Según sus tesis, la intensidad de la amenaza de ETA permitió que el nacionalismo se adueñase del espacio inherente a esa derecha perseguida, sobre todo en las zonas rurales. El miedo contribuyó a generar una opinión nacionalista predominante que minimizó o borró al resto de opciones políticas y acabó por favorecer al PNV, a quien votaba un segmento del electorado no nacionalista, bien para evitar el triunfo del nacionalismo radical, bien por el temor de ser vinculado a las opciones en el punto de mira de ETA. “En muchos pueblos, especialmente guipuzcoanos, esa derecha fue condenada al silencio más absoluto y mudó hacia el nacionalismo o al exilio interior”, denuncia Angulo.
Su libro recoge las extremas dificultades de Alianza Popular y de UCD para implantarse en el País Vasco.

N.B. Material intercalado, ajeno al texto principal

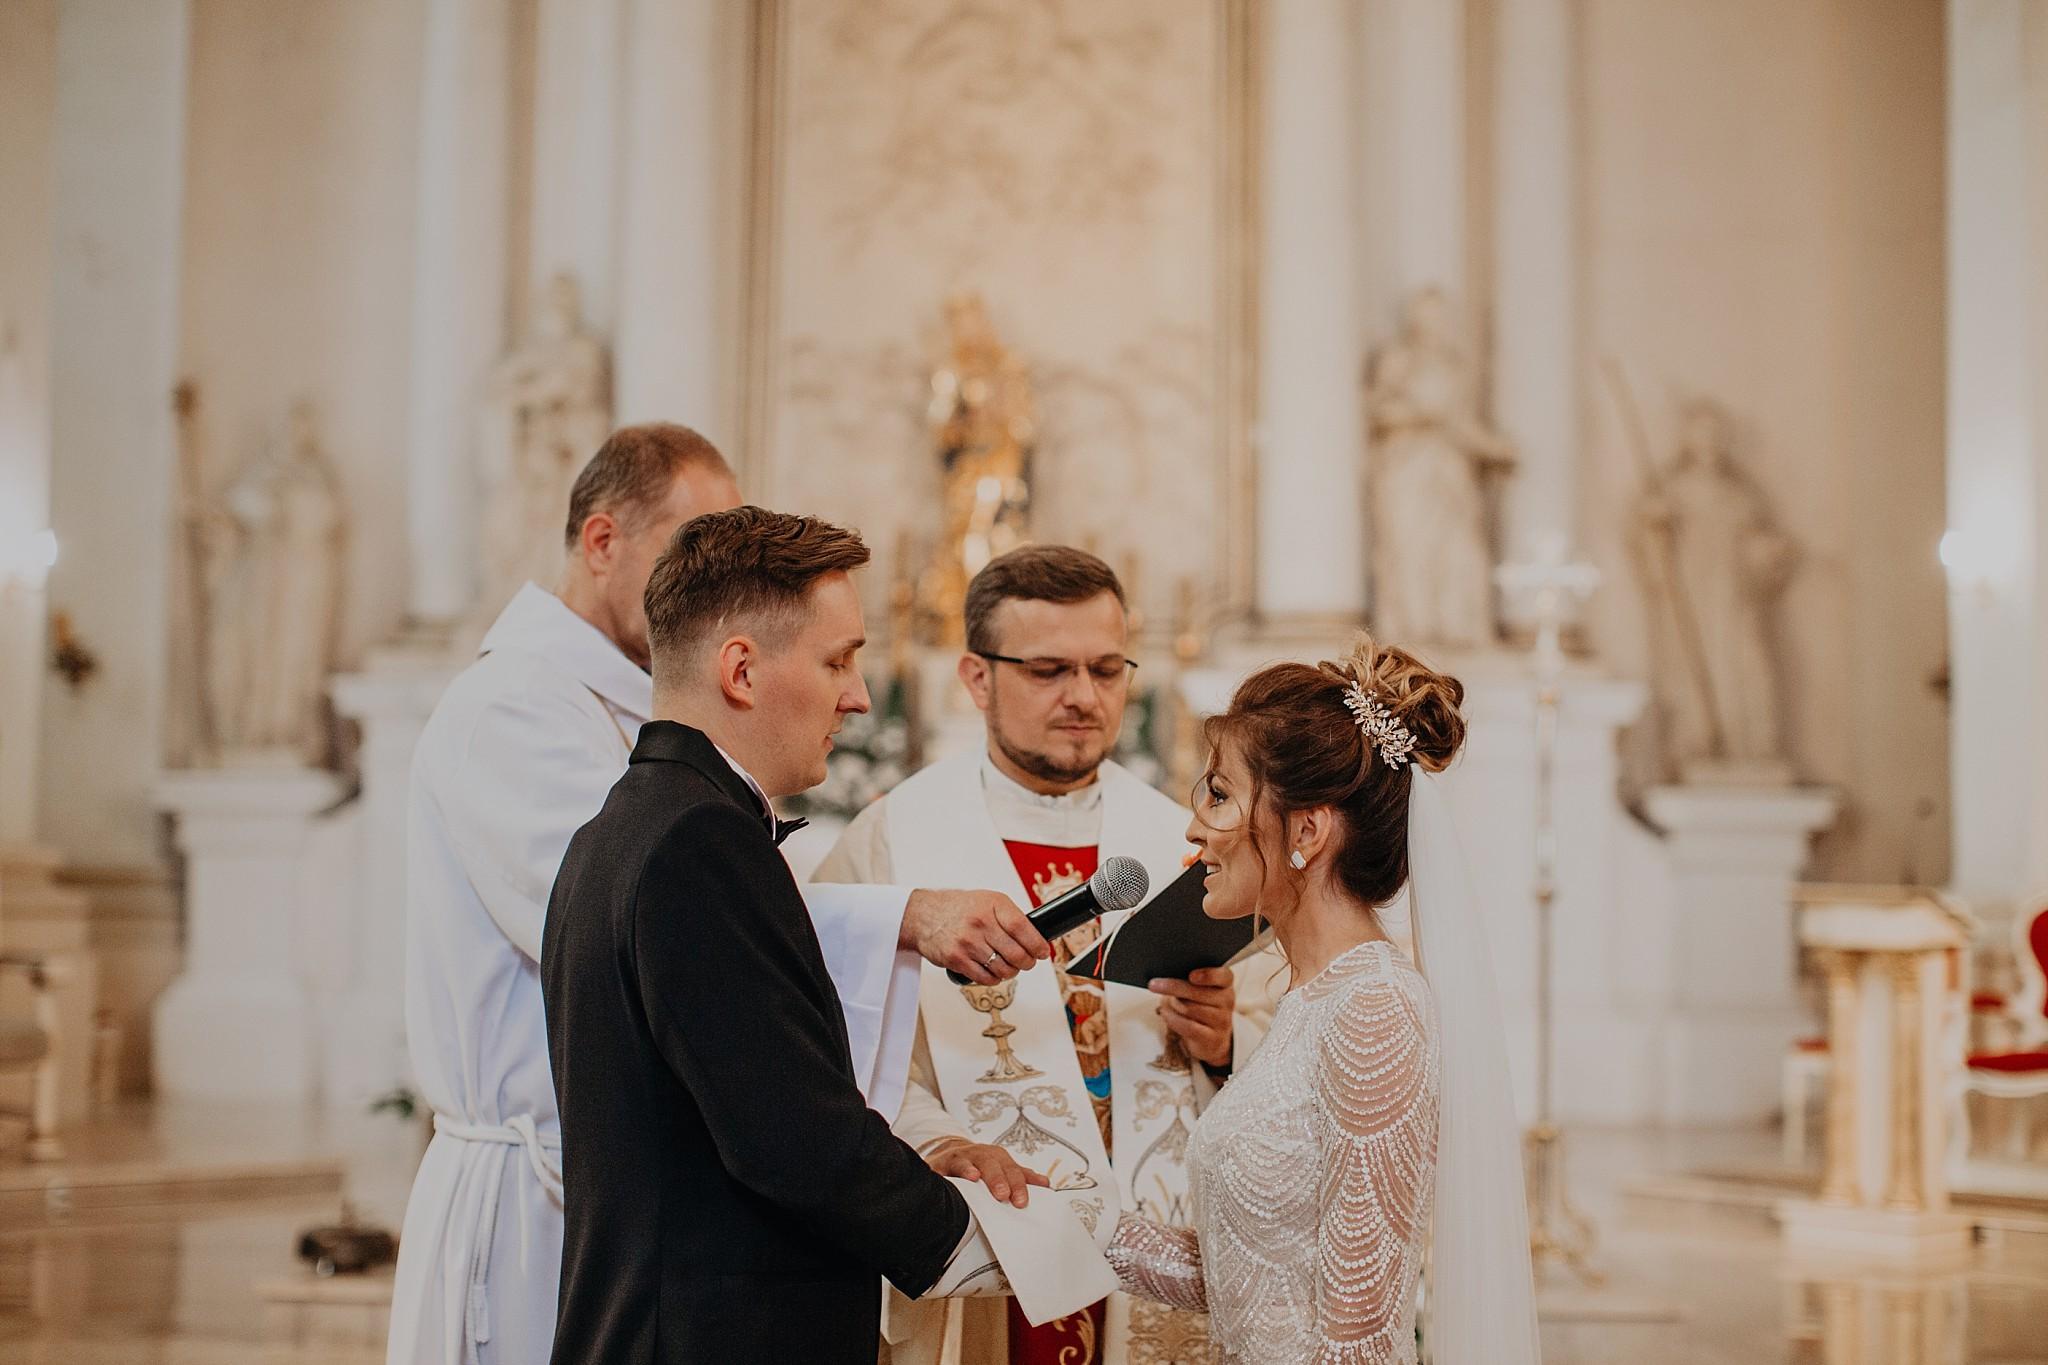 fotograf poznan wesele dobra truskawka piekne wesele pod poznaniem wesele w dobrej truskawce piekna para mloda slub marzen slub koronawirus slub listopad wesele koronawirus 173

En 1977 la formación de Manuel Fraga consiguió un único diputado por Vizcaya, Pedro de Mendizábal, que tuvo que abandonar precipitadamente su tierra en julio de ese mismo año. Las amenazas comenzaron el mismo día de las elecciones generales y en poco más de 18 meses se dieron de baja dos tercios de los afiliados. El asesinato del empresario Javier de Ybarra contribuyó a la diáspora de la derecha vasca-españolista.
"El PNV no hizo nada"
Pero el peor año para AP fue 1979. La organización llegó a plantearse incluso su continuidad mermada por sus malos resultados electorales, los asesinatos de Modesto Carriegas y Luis Uriarte, el rechazo al Estatuto de Autonomía impuesto desde el Gobierno central, la fuga continua de militantes y la salida definitiva del País Vasco de algunos de sus dirigentes. Entre los que se quedaron emerge la figura de Antonio Merino como pieza clave para que el partido de Fraga no acabara disolviéndose. Gracias también a Merino las viudas de los asesinados Vicente Zorita y Alberto López-Jaureguízar encontraron trabajo y ayuda en Alicante cuando ninguna institución sostenía a las víctimas del terrorismo.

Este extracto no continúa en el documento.